Supera mucho el alcance de un artículo, así sea un leve comentario del eminente internacionalista que nos ocupa. En la Tercera Parte, al mencionar los títulos legítimos por los cuales los indios pudieron venir al dominio de los españoles, hay una proposición impresionante: «Cuarta proposición. Si allí –en la ciudad de los indios–, le nacieron hijos a algún español y quisieran estos ser tenidos por ciudadanos, no se les podría prohibir el ser de la ciudad ni negárseles las ventajas de los demás ciudadanos, es decir, siempre que los padres hubieren tenido allí su domicilio». Se le ha ocurrido a Vitoria, precisamente lo contrario de lo que se les ocurre a quienes se dicen enemigos de las teorías racistas: reclamar la ciudadanía indígena, «cumpliendo, como ellos –los otros extranjeros incorporados– las cargas y condiciones impuestas». Y no reclamarla por causa de fuerza o para privilegio, sino por razón de derecho, porque «aquel que nace en una ciudad no puede ser ciudadano de ninguna otra, y si no fuera de allí ciudadano no lo podría ser de ninguna otra parte. Y como entonces no podría tener ciudadanía en ningún sitio, quedaría privado del derecho natural y del de gentes». Ninguna doctrina de conquistadores ha imaginado, como la hispánica y católica, que pudiera el hijo de los vencedores quedar en el desamparo porque los nativos le negaban la ciudadanía.

Ser ciudadano indígena: verdadera categoría jurídica que enalteció a los hijos de los conquistadores, consagración del mestizaje, que tuvo su primera muestra en el noble hijo de Hernán Cortés. Y cuenta Pereyra de aquellos españoles que regresaron a la llanura de Castilla y los consumió la melancolía de estar lejos de la tierra por ellos dominada. Su nostalgia y su muerte, revela que no era pensamiento abstracto de teólogo la categoría del ciudadano indígena que consagrara Vitoria, sino humana realidad.
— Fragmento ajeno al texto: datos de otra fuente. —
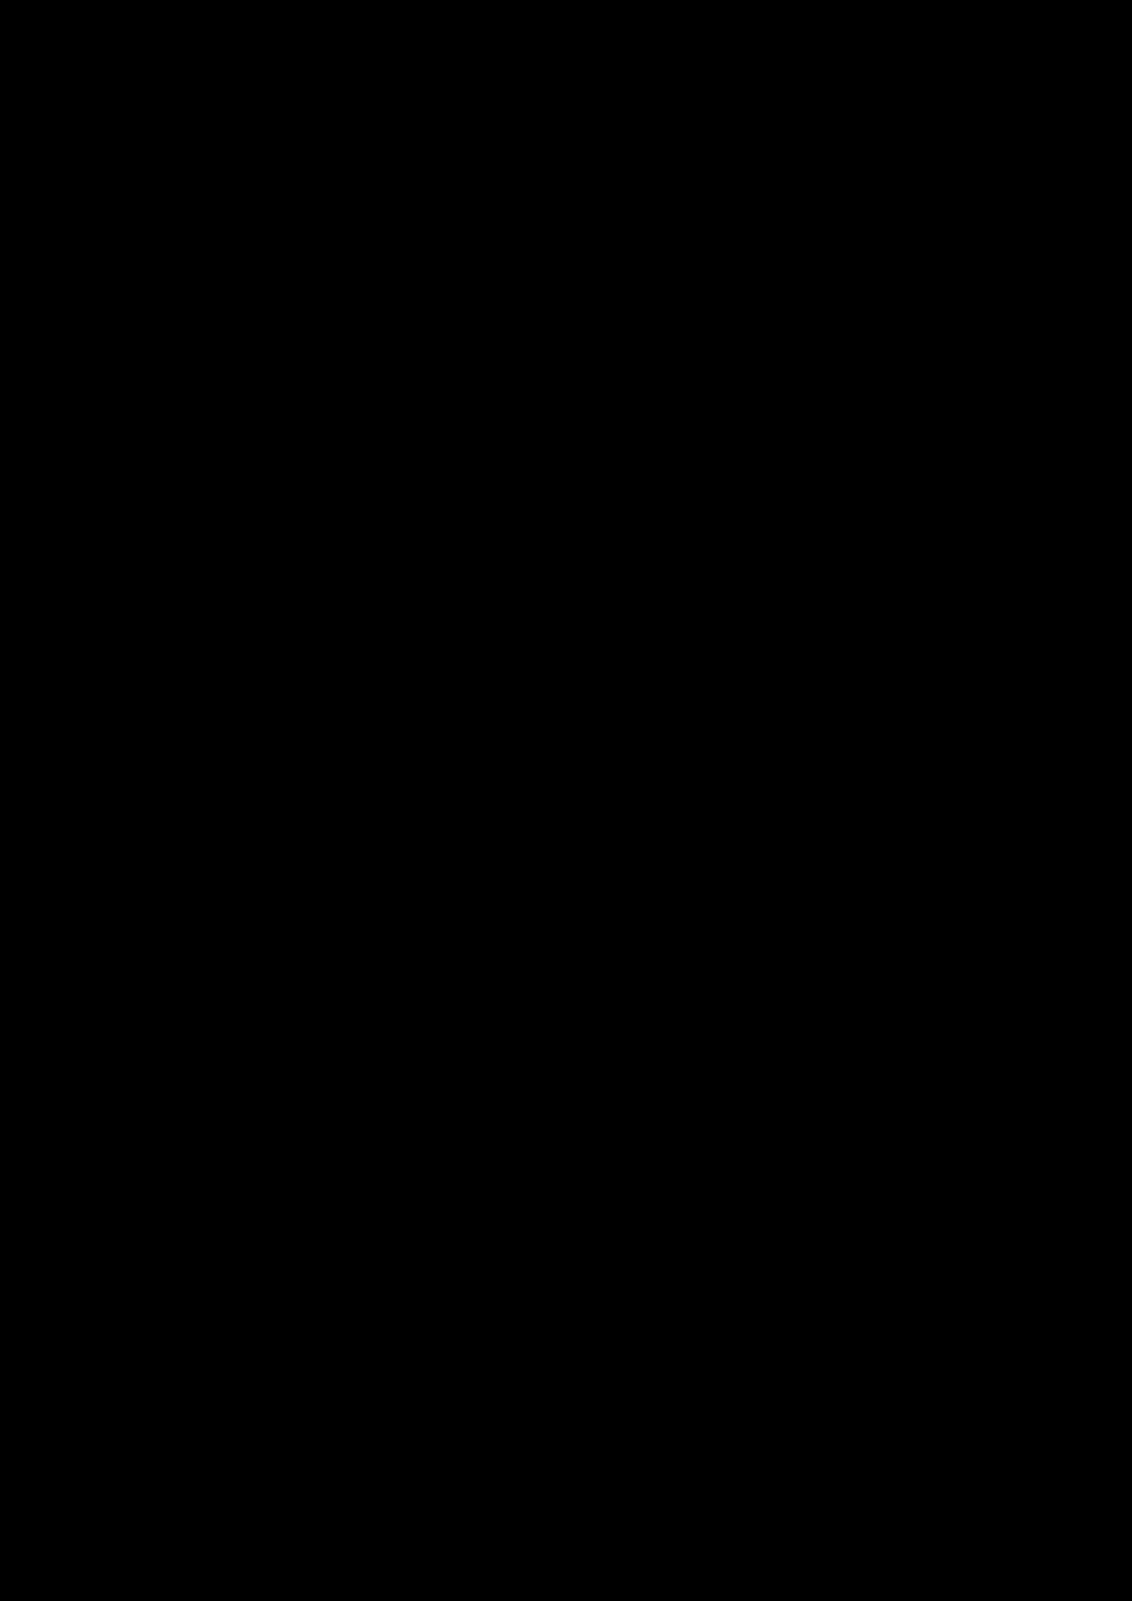 Belyiy sokol slide, Image 119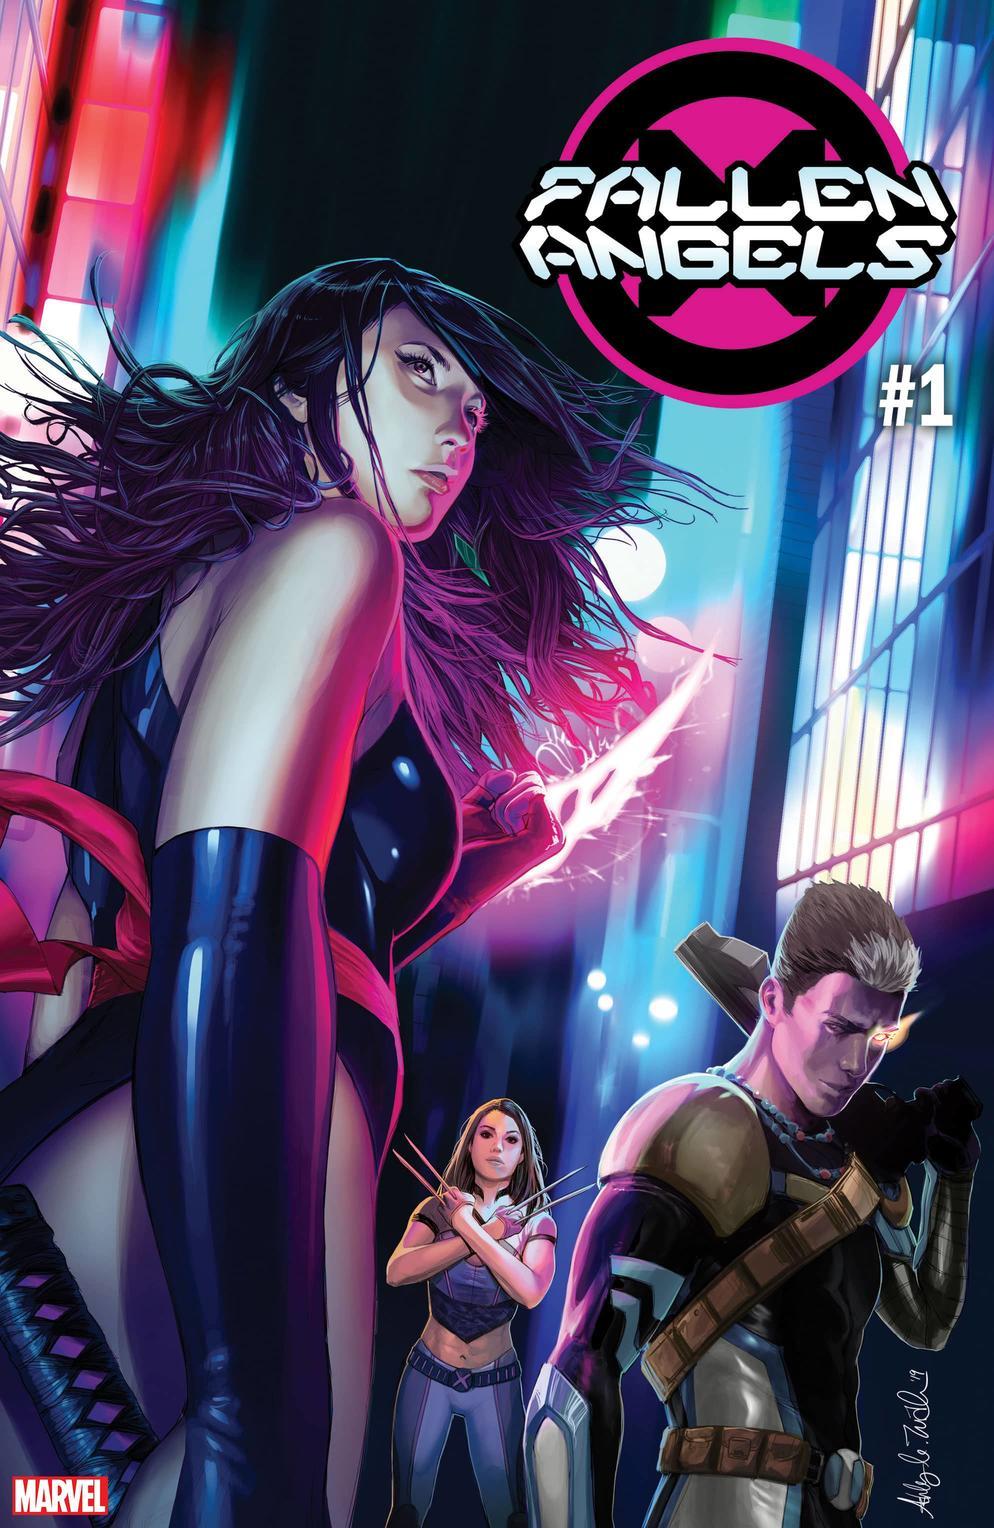 Marvel Comics na SDCC 2019 - X-Men - Fallen Angels #1 - Anjos Caídos - Blog Farofeiros

Una vez, la rebeldía de los hombres fue de tal naturaleza, que tuvo que hablar el Pontífice. Se había llegado hasta a negar la racionalidad de los indios. No debe sorprendernos esto, cuando vemos que sin negar la nacionalidad, los pueblos son capaces de establecer abismos sangrientos por el color de la piel. Y esto es más absurdo, porque siquiera los españoles equivocados, principiaban por negar que esos que parecían hombres, lo fueran. Tal actitud, ya implicaba un respeto al hombre mismo.

Entonces –siempre ha sido lo mismo–, habló el Papa. Es la Bula Sublimis Deus, la que pone fin a un debate. Sin comentario, transcribiremos el documento, menos conocido de lo que fuera de desearse.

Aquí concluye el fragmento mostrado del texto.